Augustine writing his brilliant work city of God in the ruins of the mighty Roman Empire had the perfect political and eschatological perspective. Augustine was getting at some things that as followers of Christ we must not ignore. He was arguing against an over-identification with the temporal aspects of even the greatest city of man. The political problem in the church is not an Obama or Trump issue. It isn’t a red state blue state issue. The problem with the church and politics is those in the church are too quick to identify as Republican or Democrats. It was from the ruins of perhaps the greatest city ever that Augustine pleads with us to find our identity in the city of God rather than the city of man.

Pastor as Disciple

One of the dangers that can come from being a Pastor who is a leader is you forget or neglect the fact that you are first and foremost a disciple. Leadership is fun it can be very challenging but is many times rewarding because we look behind us and can count those following us and be encouraged by our weekly mini census. The problem with being a disciple is that it is not glamorous it is not visible. It is difficult and often times painful.

Under-shepherds, pastors, always remember that you are more fundamentally a sheep than a shepherd. – Mark Dever

We as pastors can be so busy getting others to live the Christian life that we forget that the Christian life is a daily dying. It is walking in a moment by moment obedience to the call of Christ and to the cross of Christ.

Youth pastor your job is to preach the gospel to the next generation, absolutely but if you fail to follow Christ primarily, your messages will be shallow, and your ministry will be short. I have pastored at the same church for nearly 20 years and what I have learned is that I want to duck and I want to hide. I have now known most people longer than I have lived my life not knowing them. What that affords me is people speaking truth to me when I need it most, even if I don’t want to hear it.
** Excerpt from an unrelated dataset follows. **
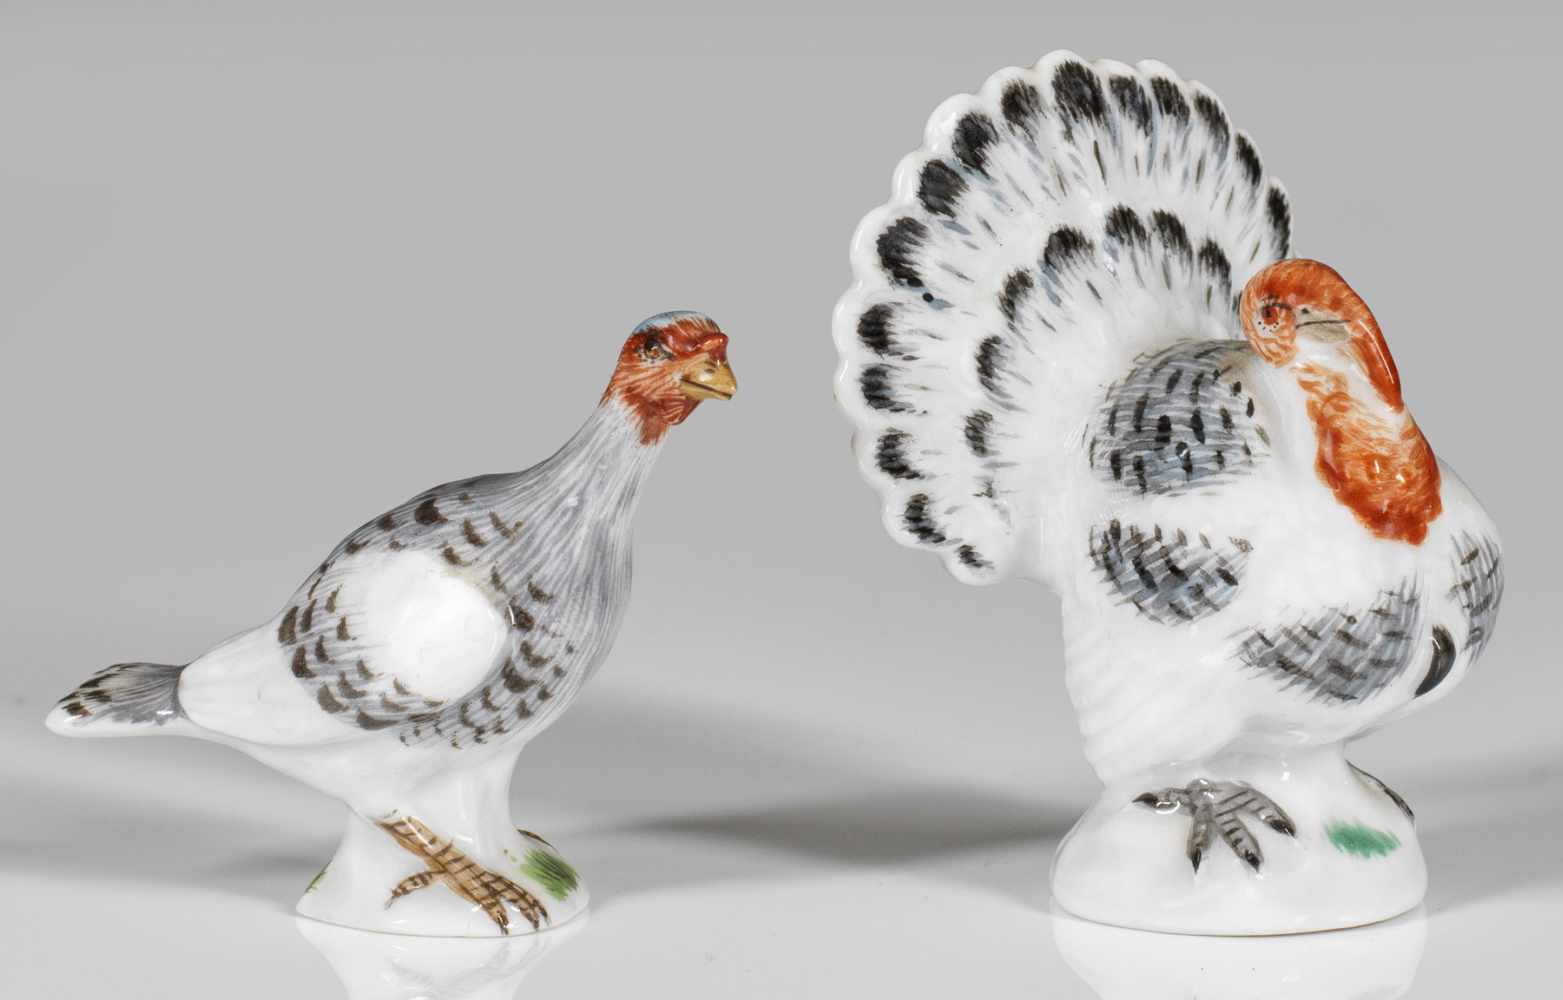 Zwei Miniatur-Tierfigureneines Truthahnes und einer Henne in naturalistischer Ausformung und

I have led in times when I wasn’t following well and the ground was as hard and as inflexible as my heart. I find the more I live my life yielded to Christ the more I am concerned with how well I am following. Healthy leadership is most often the byproduct. There are many unhealthy churches in America because there are many unhealthy leaders in America. Pastor, you must preach the cross of Christ not just principles for better living, you must model what it means to deny yourself and carry the cross you preach.

Pastor as Leader

Pastor Your Leadership Matters More Than You Think.

Much has been written on this subject and for good reason, because the church needs not just good men it needs good men who will lead people to Christ. Leading people to Christ inherently requires leadership. The Christian life is not one of separation and study alone. It is one of interaction and guidance. A pastor is not a monk he is a follower who leads other followers. He is flawed for sure but he must not let his flaws disqualify him from leading but must lead in such a way that he points beyond himself to Christ.

How many people follow you doesn’t make you a leader THAT someone is following you does. If you are a pastor you are a leader. You have a responsibility to lead well and to lead people to a closer walk with Christ.